Kriteria memulangkan pasien Pasien dapat dipulangkan apabila :2


 Tidak demam selama 24 jam tanpa antipiretik
 Nafsu makan membaik
 Secara klinis tampak perbaikan
 Hematokrit stabil
 Tiga hari setelah syok teratasi
 Jumlah trombosit > 50.000/µl
 Tidak dijumpai distres pernafasan (disebabkan oleh efusi pleura atau asidosis)

3.1.9 Pencegahan4
Hal yang penting dalam penanggulangan DBD adalah pengendalian vektor
dan kebersihan lingkungannya. Nyamuk Aedes aegypti yang menyebarkan virus
dengue berbeda dengan nyamuk rumah biasa. Strategi pencegahan DBD pada rumah
tangga yang lama dikenal adalah 3M Plus. Perlu diketahui bahwa 3M terdiri dari
menguras bak mandi, menutup tempat penampungan air (TPA), dan mendaur ulang
barang bekas. Sebaiknya pengurasan bak dilakukan setiap 1 minggu sekali, sesuai
dengan daur hidup nyamuk. Untuk genangan air yang tidak terjangkau dan tidak
dapat dikuras (seperti talang air hujan), dapat ditaburkan bubuk larvasida (abate).
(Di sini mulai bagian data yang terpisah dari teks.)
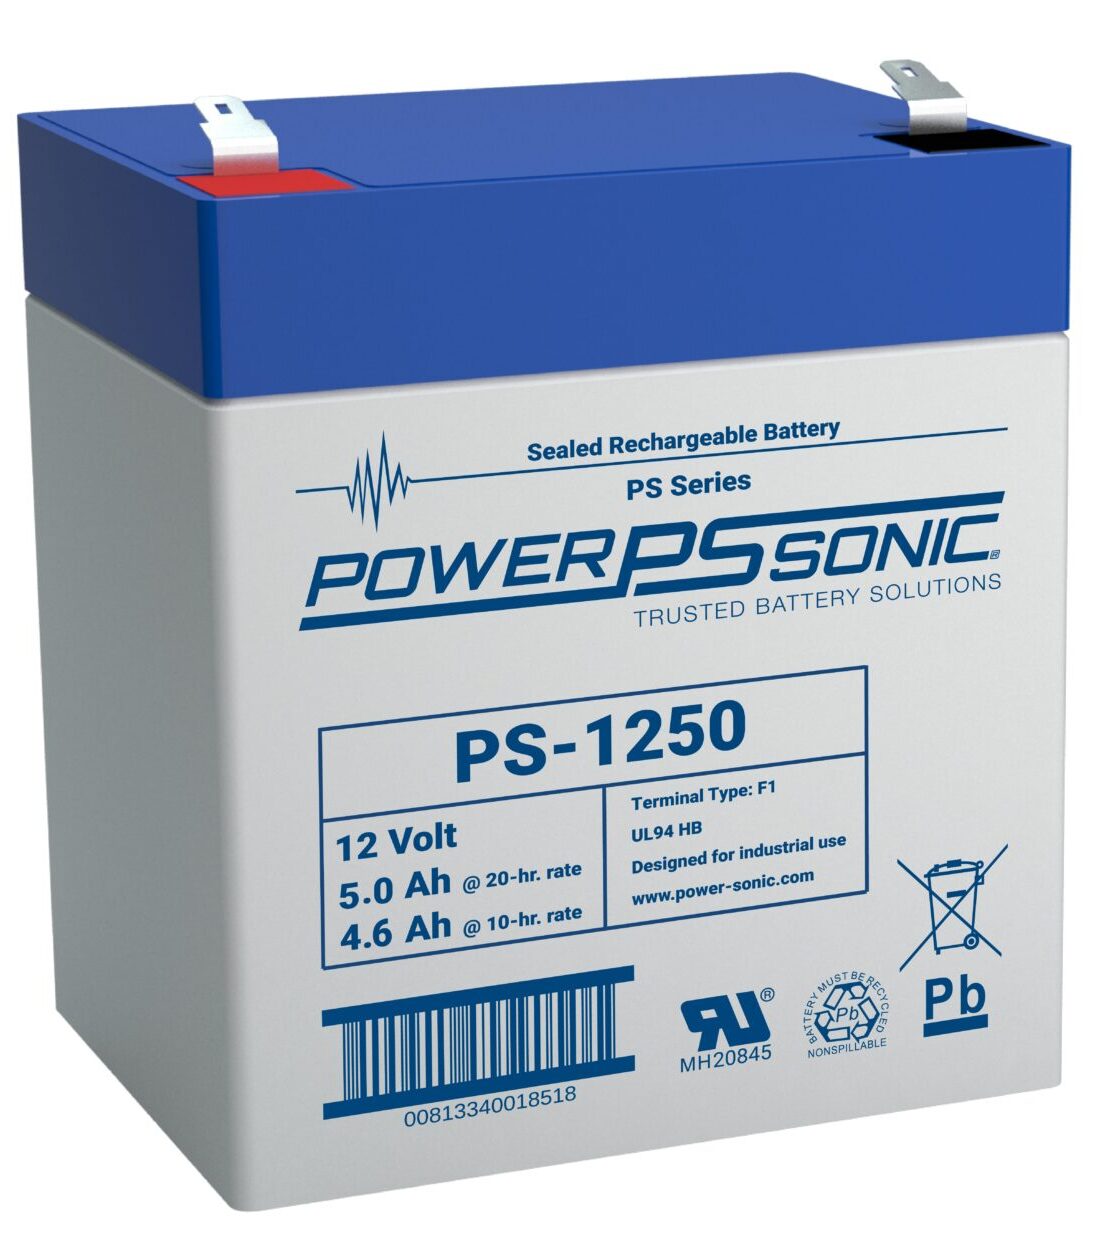 12V 5Ah F1 Battery for Power Sonic PS1242 OPTION

Tindakan Plus lain yang dapat dilakukan adalah penggunaan kelambu saat tidur dan
lotion anti nyamuk, serta pemeliharaan ikan sebagai predator nyamuk. Fogging
(pengasapan) hanya bermanfaat untuk membasmi nyamuk dewasa, jentik tidak dapat
mati dengan pengasapan.
3.10 Prognosis
Prognosis DHF ditentukan oleh derajat penyakit, cepat tidaknya penanganan
diberikan, umur, dan keadaan nutrisi. Prognosis DBD derajat I dan II umumnya baik.
DBD derajat III dan IV bila dapat dideteksi secara cepat maka pasien dapat ditolong.
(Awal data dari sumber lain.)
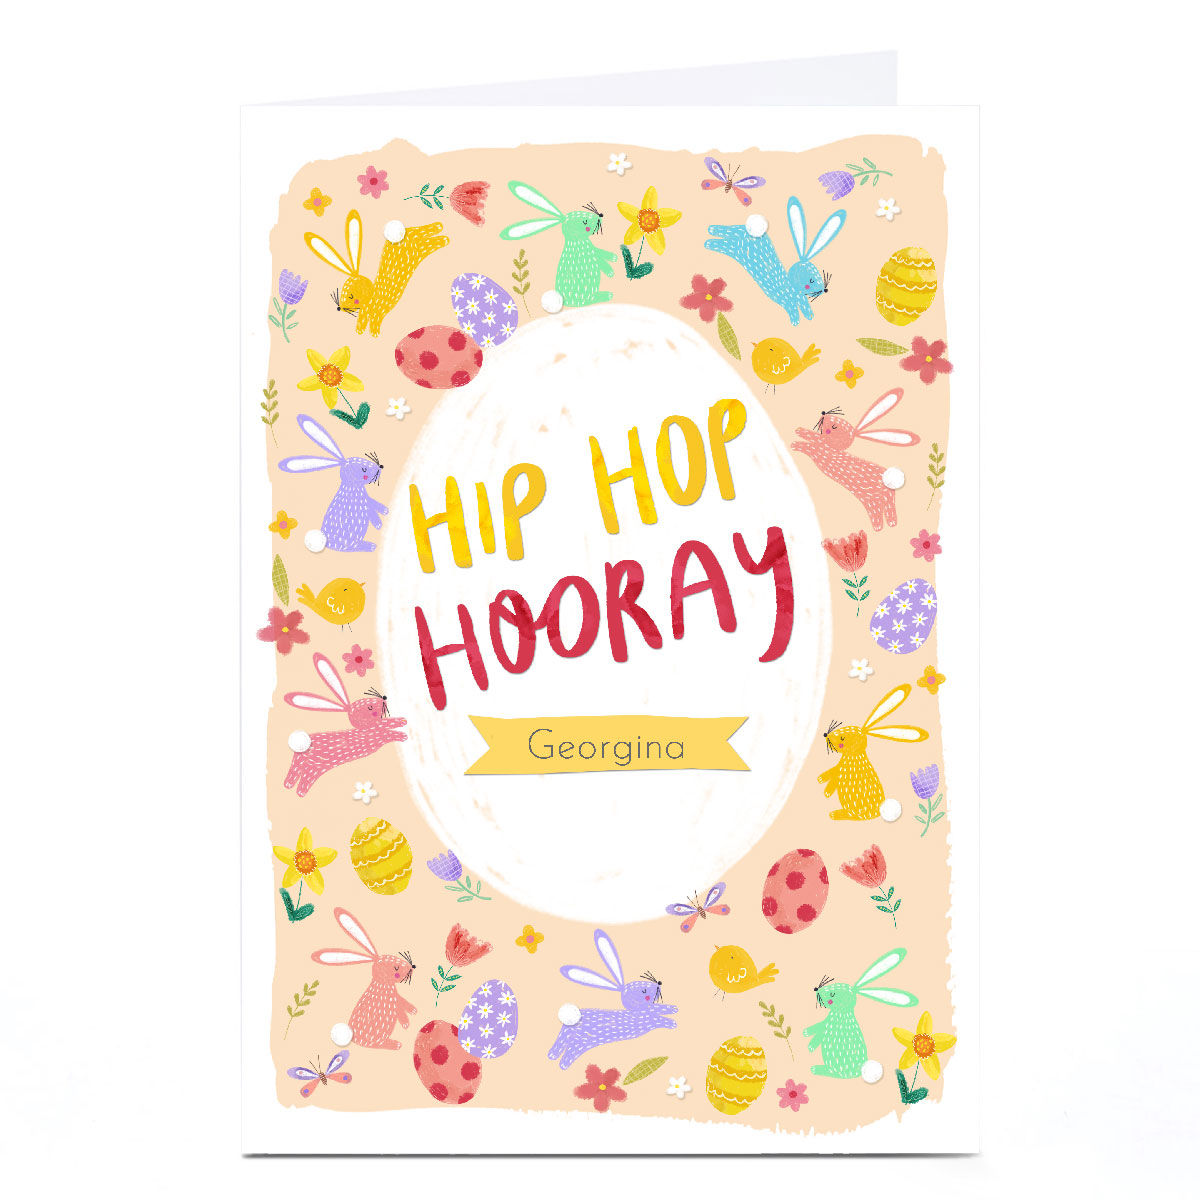 Personalised Kerry Spurling Easter Card - Hip Hip Hooray

Angka kematian pada syok yang tidak terkontrol sekitar 40-50 % tetapi dengan terapi
penggantian cairan yang baik bisa menjadi 1-2 %. Penelitian pada orang dewasa di
Surabaya, Semarang, dan Jakarta memperlihatkan bahwa prognosis dan perjalanan
penyakit DHF pada orang dewasa umumnya lebih ringan daripada anak-anak. Pada
kasus- kasus DHF yang disertai komplikasi sepeti DIC dan ensefalopati prognosisnya
buruk.8
Marasmus
Definisi
Marasmus adalah salah satu kondisi dari kurang gizi berat yang gejala
klinisnya disebabkan oleh kurangnya asupan energi. 5 Organisasi Kesehatan Dunia
(WHO) mendefinisikan kekurangan gizi sebagai “ketidak seimbangan seluler
antara asupan nutrisi, energi dan kebutuhan tubuh untuk menjamin pertumbuhan,
pemeliharaan dan fungsi-fungsi khusus.” Malnutrisi protein-energi (KEP) berlaku
untuk gangguan yang berhubungan dengan marasmus, kwashiokor, dan marasmus-
kwashiokor. Istilah marasmus berasal dari kata Yunani “marasmos”, yang berarti
layu atau kurang tenaga. Marasmus berhubungan dengan asupan yang tidak
memadai dari kalori dan ditandai dengan suatu kekurusan.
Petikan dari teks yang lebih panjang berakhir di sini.